Although recent advances in artificial intelligence, or AI, can predict the finished, folded structure of most proteins, Frydman said, AI doesn’t show how a protein attains its correct shape. This knowledge is fundamental for  controlling folding in the cell and developing therapies for folding diseases. To achieve this goal, researchers need to figure out the detailed steps of the folding process as it occurs in the cell.

 

A cellular chamber takes charge

Ten years ago, Frydman, Chiu and their research teams decided to delve deeper into what goes on in the TRIC chamber.

“Compared to the simpler folding chambers of chaperonins in bacteria, the TRiC in human cells is a very interesting and complicated machine,” Frydman said. “Each of its eight subunits has different properties and presents a distinct surface inside the chamber, and this turns out to be really important.”

The scientists discovered that the inside of this unique chamber directs the folding process in two ways.

As the chamber’s lid closes over a protein, areas of electrostatic charge  appear on its inner walls. They attract oppositely charged parts of the tubulin protein strand and essentially tack them to the wall to create the proper shape and configuration for the next step in folding. Meanwhile, TRiC subunit “tails” that dangle from the chamber wall grab the tubulin protein at specific times and places to anchor and stabilize it.

To start out, one end of the tubulin strand hooks into a little pocket in the wall. Then the other end attaches at a different spot and folds. Now the end that hooked into the wall folds in a way that brings it right next to the first folded area.

In step three, part of the middle section folds to form the core of the protein, along with pockets where GTP, a molecule that stores and releases energy to power the cell’s work, can plug in.

Finally, the remaining protein section folds.

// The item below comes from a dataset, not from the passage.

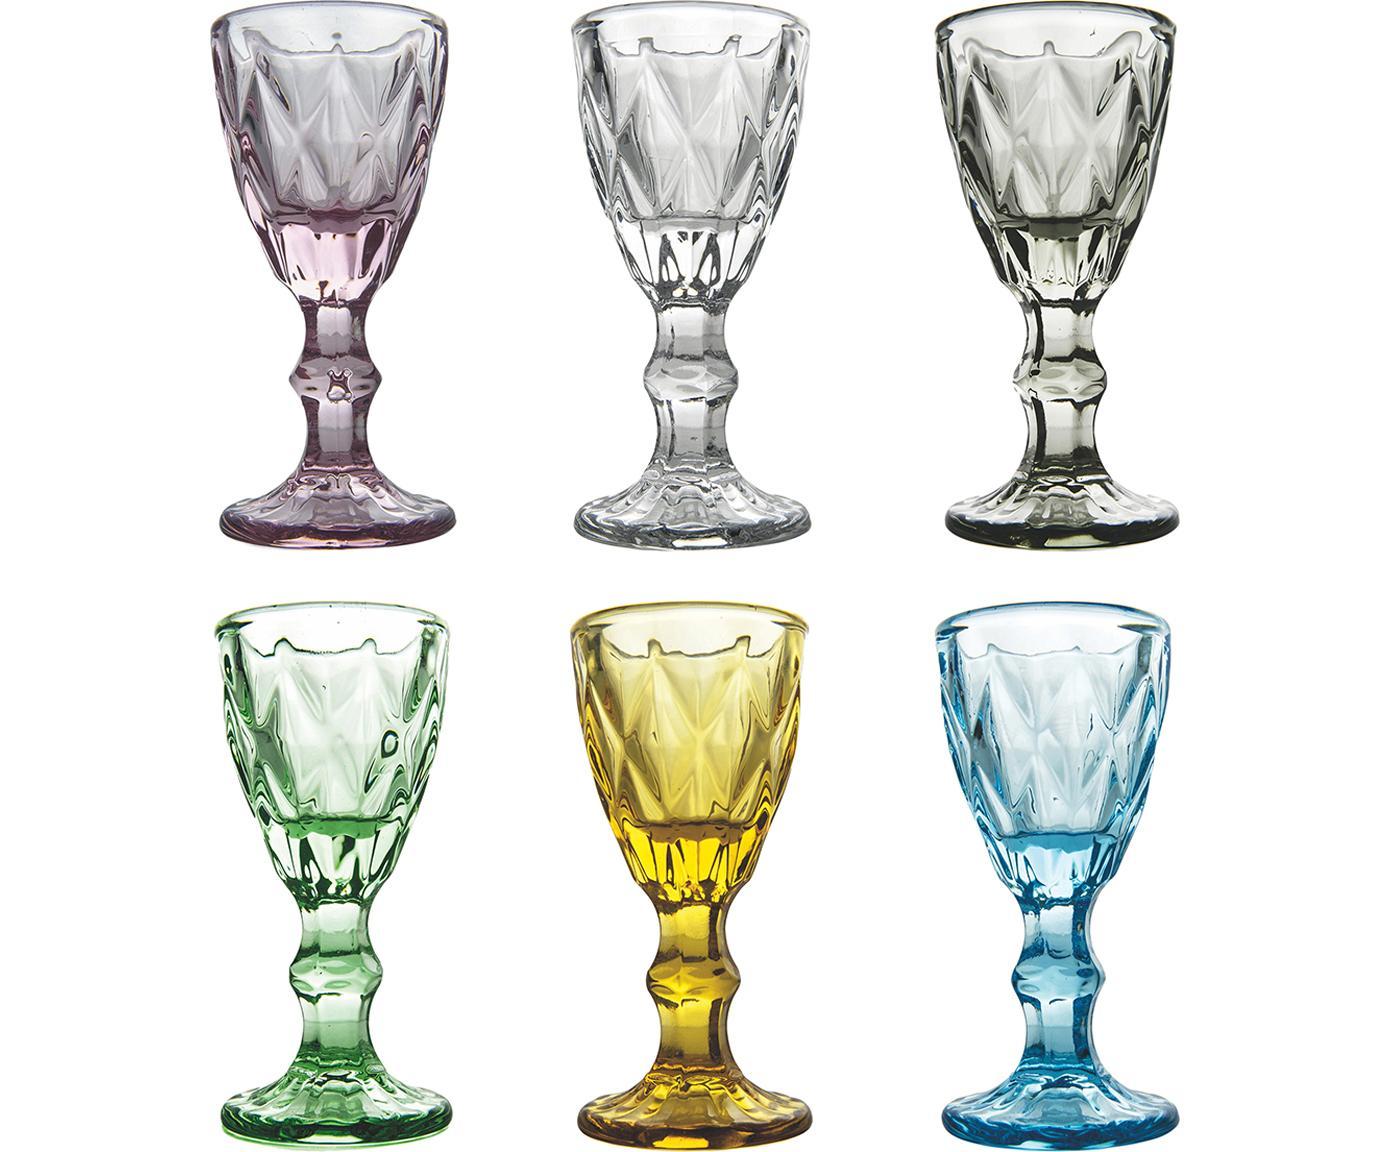 Borrelglaasjesset Prisma, 6-delig, Glas, Multicolour, Ø 5 x H 11 cm

The tubulin molecule is now ready for action. 

“These structural snapshots of intermediate stages in the folding sequence have never been seen before by cryo-electron microscopy,” Frydman said.

 

A powerful blend of techniques

Her team confirmed the folding sequence with a challenging series of biochemical and biophysical tests that required years of work.

Interpreting those results allowed the researchers to build a picture of the tubulin’s changing shape as it folds inside the TRiC chamber, which matched the images generated by cryo-EM.

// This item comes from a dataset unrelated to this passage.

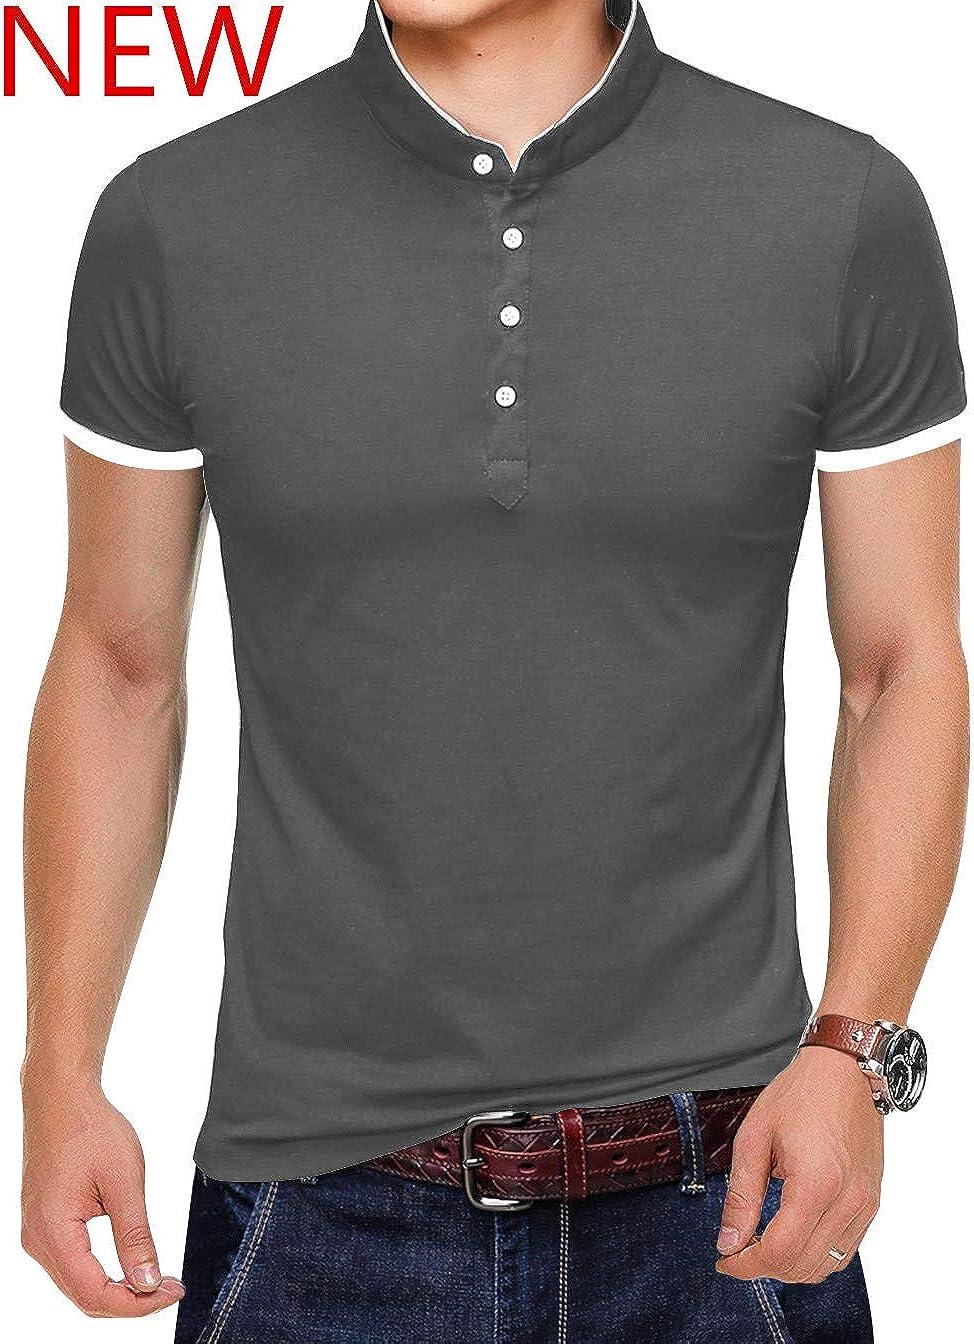 KUYIGO Men/'s Casual Slim Fit Shirts Pure Color Short Sleeve Polo Fashion T-Shirts

“It’s very powerful to be able to go back and forth between these techniques, because then you can really know that what you see reflects what’s going on in the cell,” Frydman said.

“Science has surprised us with a really interesting solution that I would not have predicted.”

The study also offers clues to understanding how this folding system evolved in eukaryotic cells, which make up plants, animals and humans, but not in simpler cells like those of bacteria and archaea. As proteins became more and more complex to serve the needs of eukaryotic cells, the researchers suggest, at some point they couldn’t fold into the shapes they needed to carry out more complicated jobs without a little assist. Eukaryotic proteins and their chaperonin chamber likely evolved together, possibly starting with the last common ancestor of all the eukaryotic organisms some 2.7 billion years ago.

Due to the complexity of the analyses and the pandemic interlude, the study went on for so long that many of the people who worked on it have moved on to other jobs. They include postdoctoral researchers Daniel Gestaut and Miranda Collier from Frydman’s group, who carried out the biochemical part of the project and pushed it forward, and Yanyan Zhao, Soung-Hun Roh, Boxue Ma, and Greg Pintilie from Chiu’s group, who performed the cryo-EM analyses. Additional contributors included Junsun Park, a student in Roh’s group, and Alexander Leitner from ETH in Zurich, Switzerland. 

The work was supported by grants to Wah Chiu and Judith Frydman from the NIH and grants to Soung-Hun Roh, who is now an assistant professor at Seoul National University, from the Korean National Research Foundation and Suh Kyungbae Foundation (SUHF).